Figure 7-42 Paleontological Landscape

(1) Fossil Group of the Cambrian Explosion of Life (Chengjiang Fauna)

“The evolution of early life on Earth and "The Cambrian Explosion of Life" is one of the hot spots in contemporary scientific research and an unsolved mystery in earth science and life science. The Chengjiang fauna found in Maotian Mountain in Chengjiang, Yunnan is a witness to the "Cambrian Explosion of Life." It is widely distributed in the yellow-green shale in the middle and upper Yuganshan section of the Heilinpu Formation during the Qiongzhusi Period of the Early Cambrian in eastern Yunnan. It not only contains almost all categories of living animals, but also includes some extinct categories, and even contains very exquisite soft-bodied fossils. It is the only soft-bodied and oldest preserved animal found in the world so far (bigger than Canada). The Gies fossil group (middle Cambrian) is still early), the richest and most complete group of multicellular metazoan fossils, and has been hailed by the international scientific community as "one of the most amazing scientific discoveries of the 20th century." In addition, the "Kaili Fossil Group" (Middle Cambrian) discovered in Taijiang County, Guizhou is a subsequent fauna.

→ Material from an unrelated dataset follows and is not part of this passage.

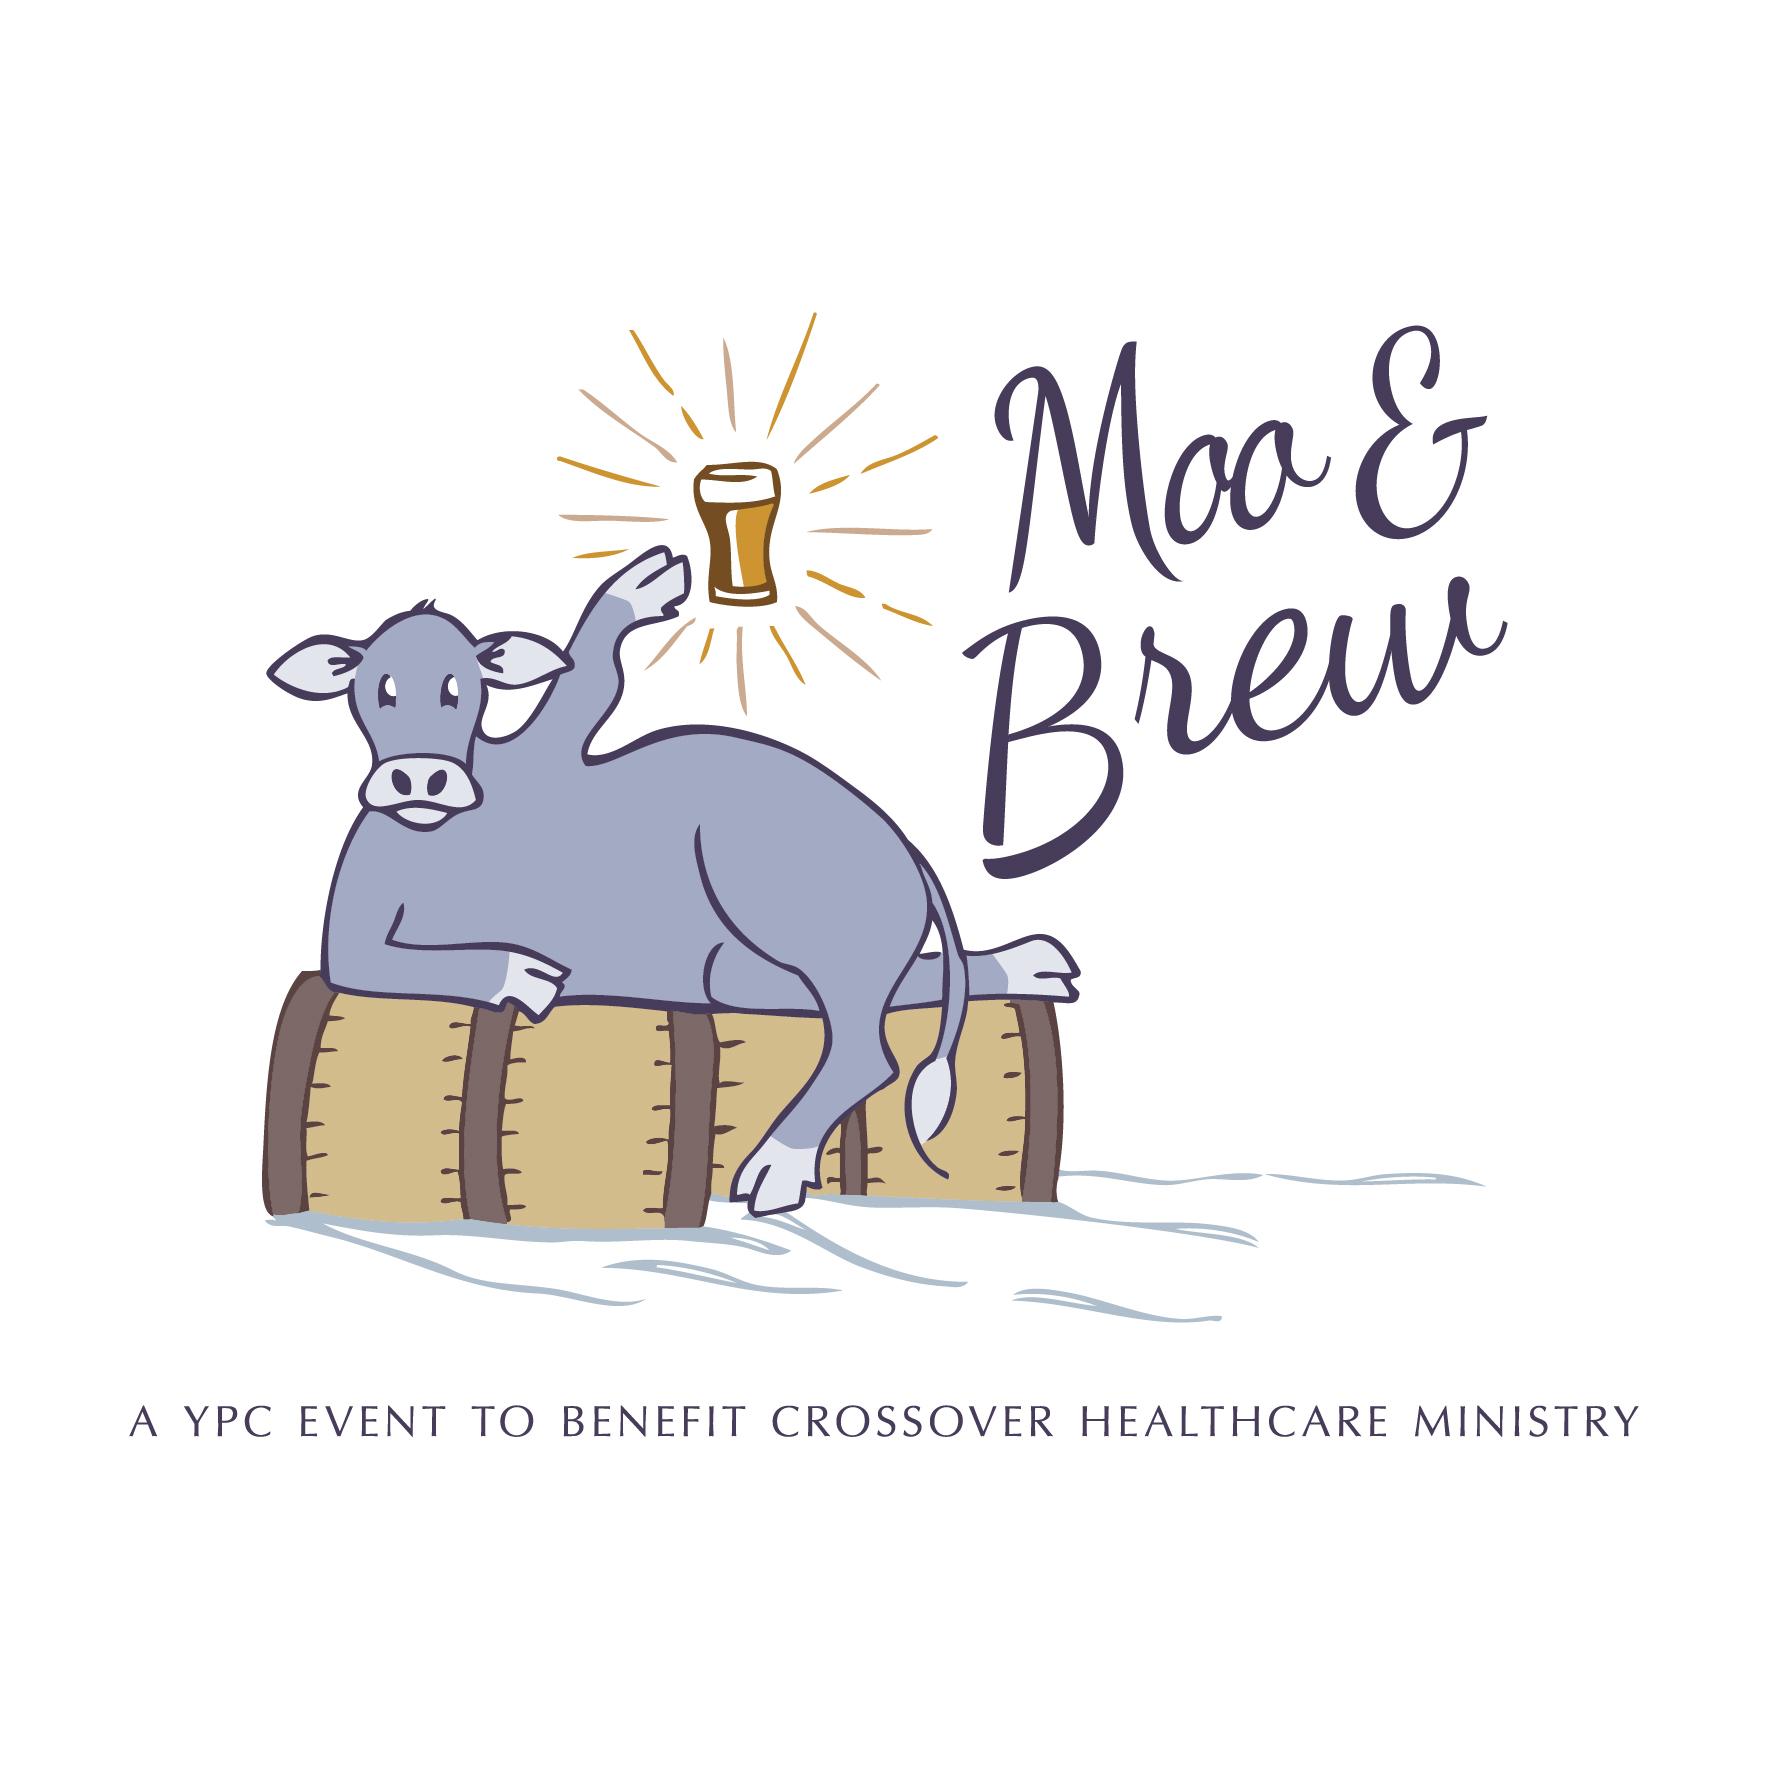 Moo & Brew
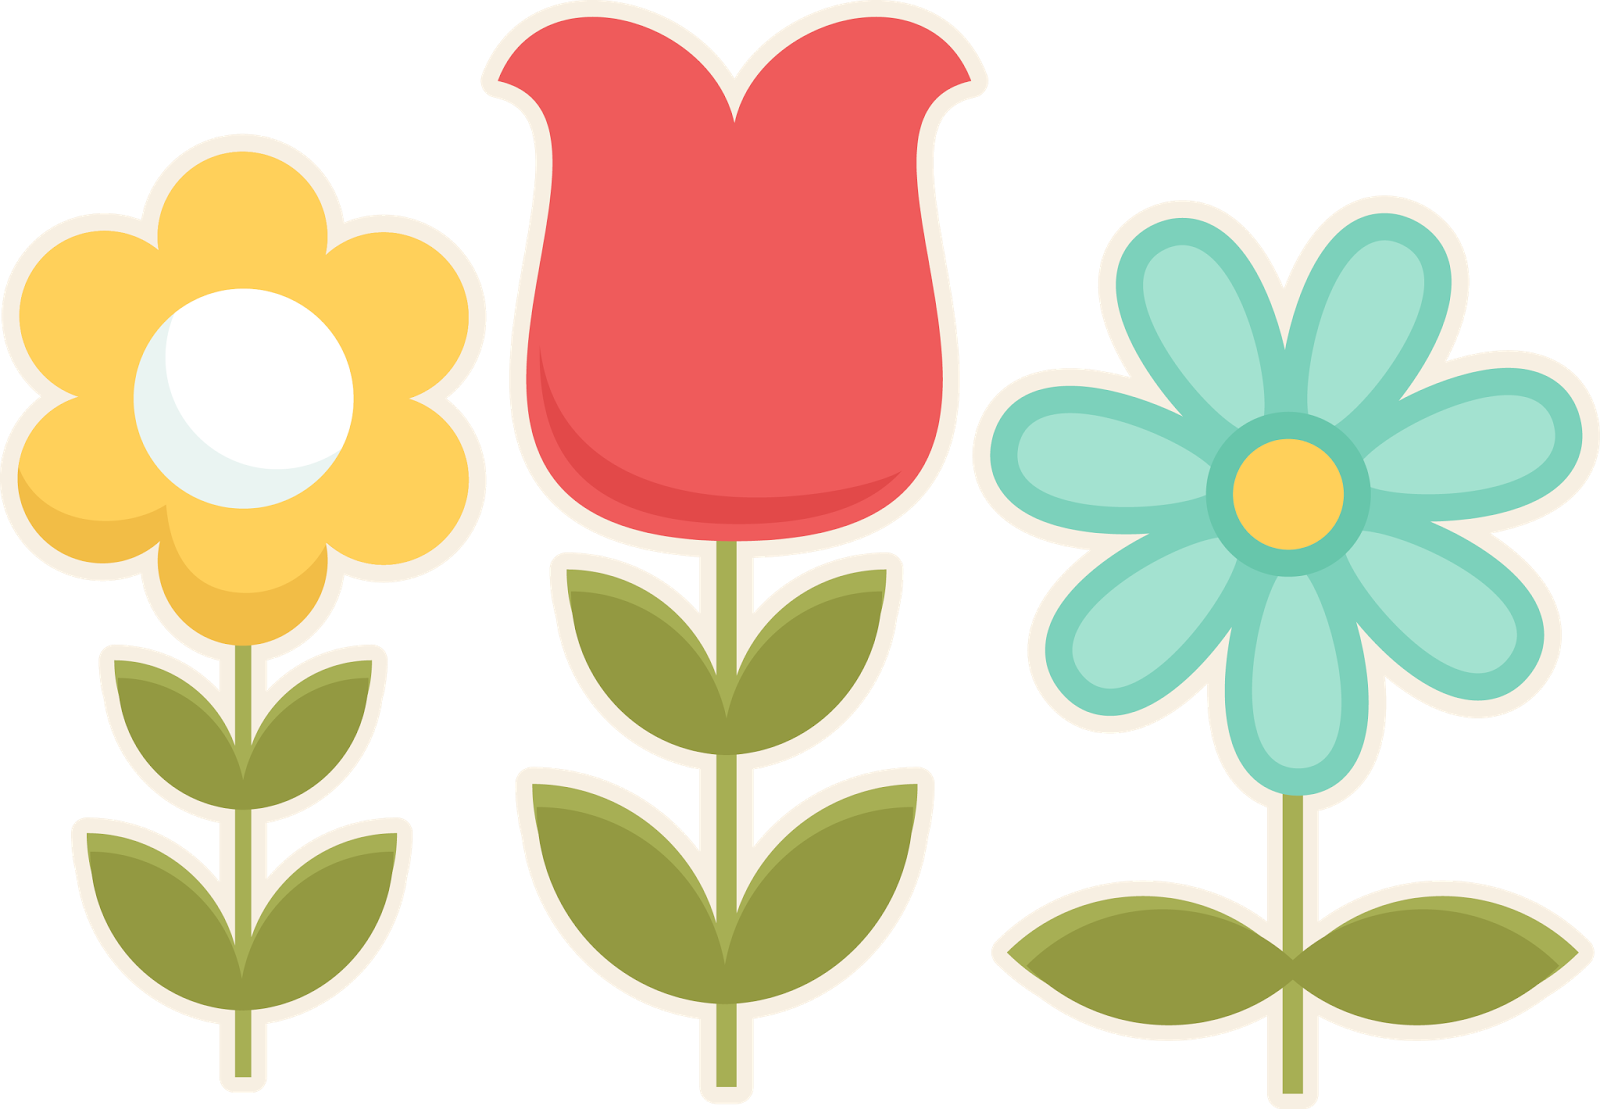 Mason jar blue flower clipart graphic royalty free library SPRING FLOWERS CLIP ART | CLIP ART - SPRING - CLIPART | Pinterest ... graphic royalty free library

(2) Ten Thousand Volumes of Books - Shanwang Paleontological Fossils

Shanwang Village, located in the east of Linqu City, Shandong Province, is one of the national nature reserves. The exposed diatomite of the Shanwang Formation of the Tertiary Miocene has been mined for many years, and the rock formations contain a large number of precious fossils dating back 18 million years. Fossils have been discovered in more than ten categories and more than 400 species, 1/3 of which are extinct genera and species, including algae, mosses, ferns, gymnosperms and angiosperms, as well as fish, frogs, snakes, birds and angiosperms. Ancestors of extinct large mammals such as rhinoceros, tapir, and deer. These fossils are not only complete and finely preserved, but also preserve the form of animals struggling during their lifetime, which is rare in the world. These fossils are of great significance for the study of Miocene fauna, paleogeography, paleoclimate, and stratigraphic correlation in eastern North China. Because the shale composed of diatom remains and clay is as thin as paper, it will lift up layer by layer after weathering, like "book pages". There are also fine fossils preserved on the "pages", so it is called Wanjuanshu. At present, the Shanwang Fossil Museum has been established.

(3) Bird fossils

In the past half century or so, especially since the 1980s, more and more types of bird fossils have been discovered in my country. The most important source of bird fossils is the western Liaoning region. The key fossils discovered support the theory that birds evolved from small theropod dinosaurs. The evolutionary history of primitive birds is divided into four stages: the Sinosauropteryx period, the Archaeopteryx period, the Confucius bird period and the Euornis period. Representatives of the four stages are found in western Liaoning. The research results show that from the perspective of the ancient environment, in the Late Jurassic 140 million years ago, the western Liaoning area had a humid climate, undulating terrain, crisscrossing rivers and streams, and lush terrestrial organisms and aquatic plants, providing a good environment for various species including birds. species of animals create a good living environment.